Автор книги: Георгий Степанов
сообщить о нарушении
Текущая страница: 29 (всего у книги 58 страниц)
Глава пятнадцатая
На Екатерининской улице у кафедрального собора Глаша встретила Шемякина.
– Сегодня в цирке редкое представление, – сказал он, крепко пожав руку. – Негр Роль борется с «Красной маской», Искандер с «Черной». Приглашаю в цирк.
– Спасибо. Но сегодня наконец выпал вечер, свободный от заседаний и дежурств в штабе. Хочу погладить белье.

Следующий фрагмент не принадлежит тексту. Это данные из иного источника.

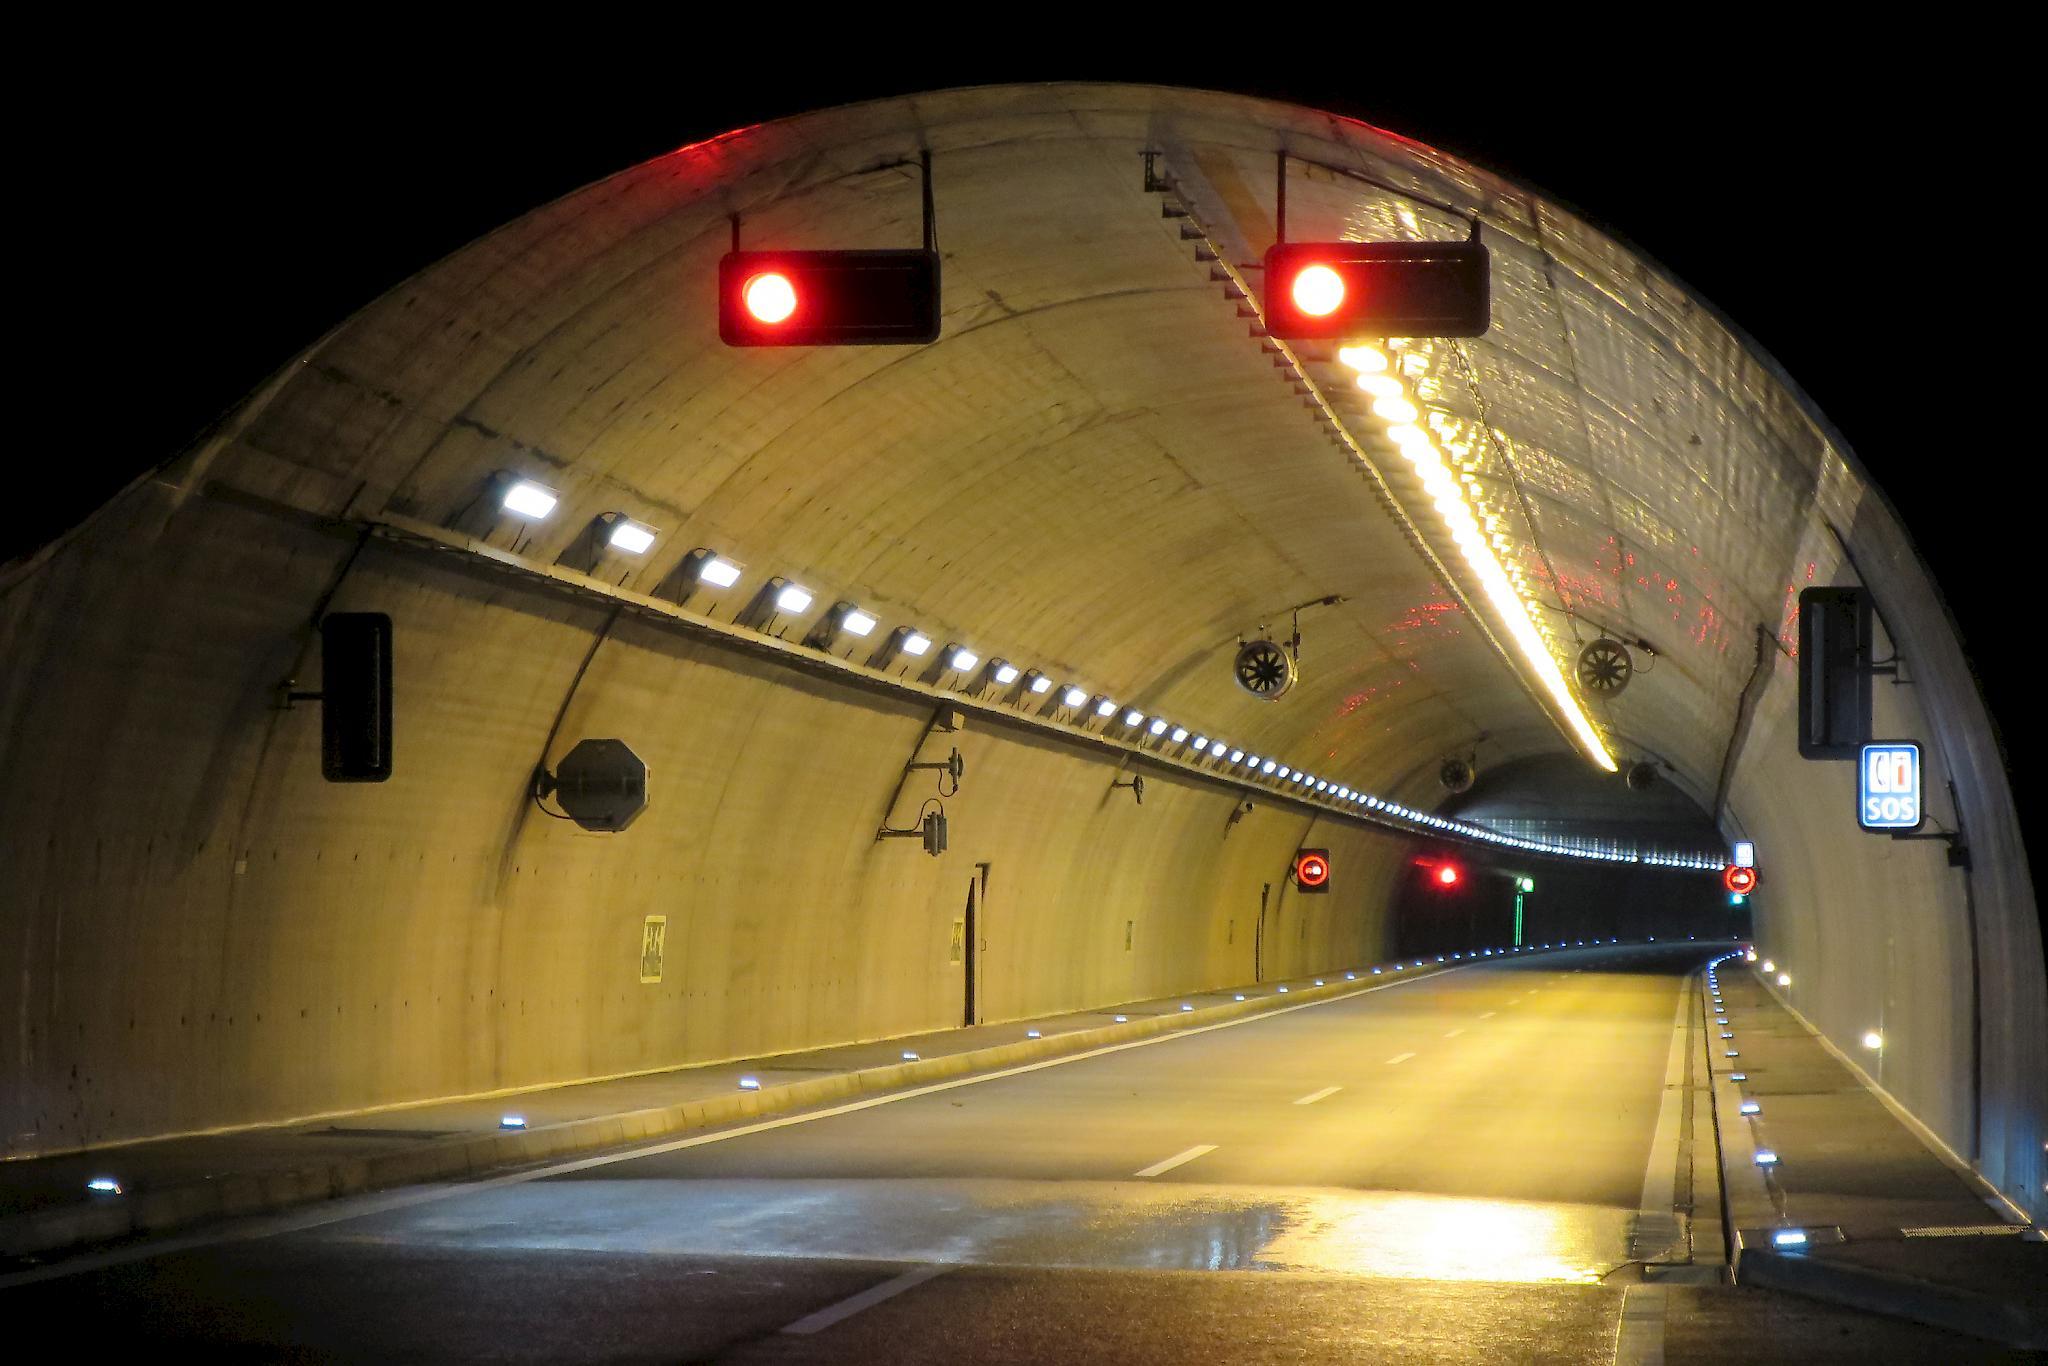 -Autobahntunnel-in-Siders-wieder-befahrbar-

Улыбающееся лицо Шемякина несколько помрачнело. Потом, идя рядом с Глашей, художник вдруг сознался, что люто тоскует по Маше Разумовской и ему дорого все, что сколько– нибудь напоминает о ней.
– Любила она французскую борьбу, и я ради этого зачастил в цирк… – признался Шемякин. – У писателя Сергеева-Ценского я прочел прелестную новеллу «Снег». Ее герой целует снег лишь потому, что любимая, уехав в Италию, тоскует по русской зиме, русскому снегу…
– Значит, вы из-за белогвардейки Разумовской уподобились этому герою? – усмехнулась Глаша.
– Да, представьте, мне кажется, Маша сейчас скучает по екатеринодарскому цирку братьев Ефимовых, – сказал художник и смутился, встретившись с насмешливым взглядом Глаши.
– Вот уж не думала, что автор сурового «Штурма Зимнего» подвержен таким сантиментам!
Шемякин отвел глаза и глухо пробормотал:
– Не все подвластно рассудку… Понимаю, что это не ко времени, а поделать ничего не могу.
– Ну, рассудок не стоит терять, – нарочито назидательно сказала Глаша, тут же укорив себя: «Как же мы схожи с Шемякиным! И у меня Ивлев не выходит из головы. И встреча-то эта мне приятна потому, что он – друг Ивлева».
Видя, что Глаша задумалась, Шемякин повторил свое приглашение:
– Ну хоть одно представление посмотрите, белье от вас никуда не убежит.
Трамваи, громыхая и звеня, останавливались на углу. Из вагонов, уже по-летнему открытых, выходили и шли в цирк красноармейцы, матросы.
– Пойду за билетами в очередь, – сказал Шемякин.
Глаша осталась стоять у рекламного щита, изображающего громадного атлета в красном трико и ярко-малиновой маске.
Подкатил фаэтон, запряженный парой рослых вороных коней. В нем восседал Иван Иванович Апостолов с известной в городе девицей легкого поведения Сонькой Подгаевской, золотисто-рыжие волосы которой пламенели на черном фоне кожаного сиденья.
– Куплю корзину цветов! – крикнул Апостолов со своего места.
Уличные цветочницы, обгоняя друг дружку, бросились к экипажу:
– Вот белые розы!
– А у меня чайные…
– Возьмите кубанские, пунцовые!
– Давай корзину! Триста рублей за корзину! – объявил Апостолов, отмахиваясь от протянутых к нему букетов.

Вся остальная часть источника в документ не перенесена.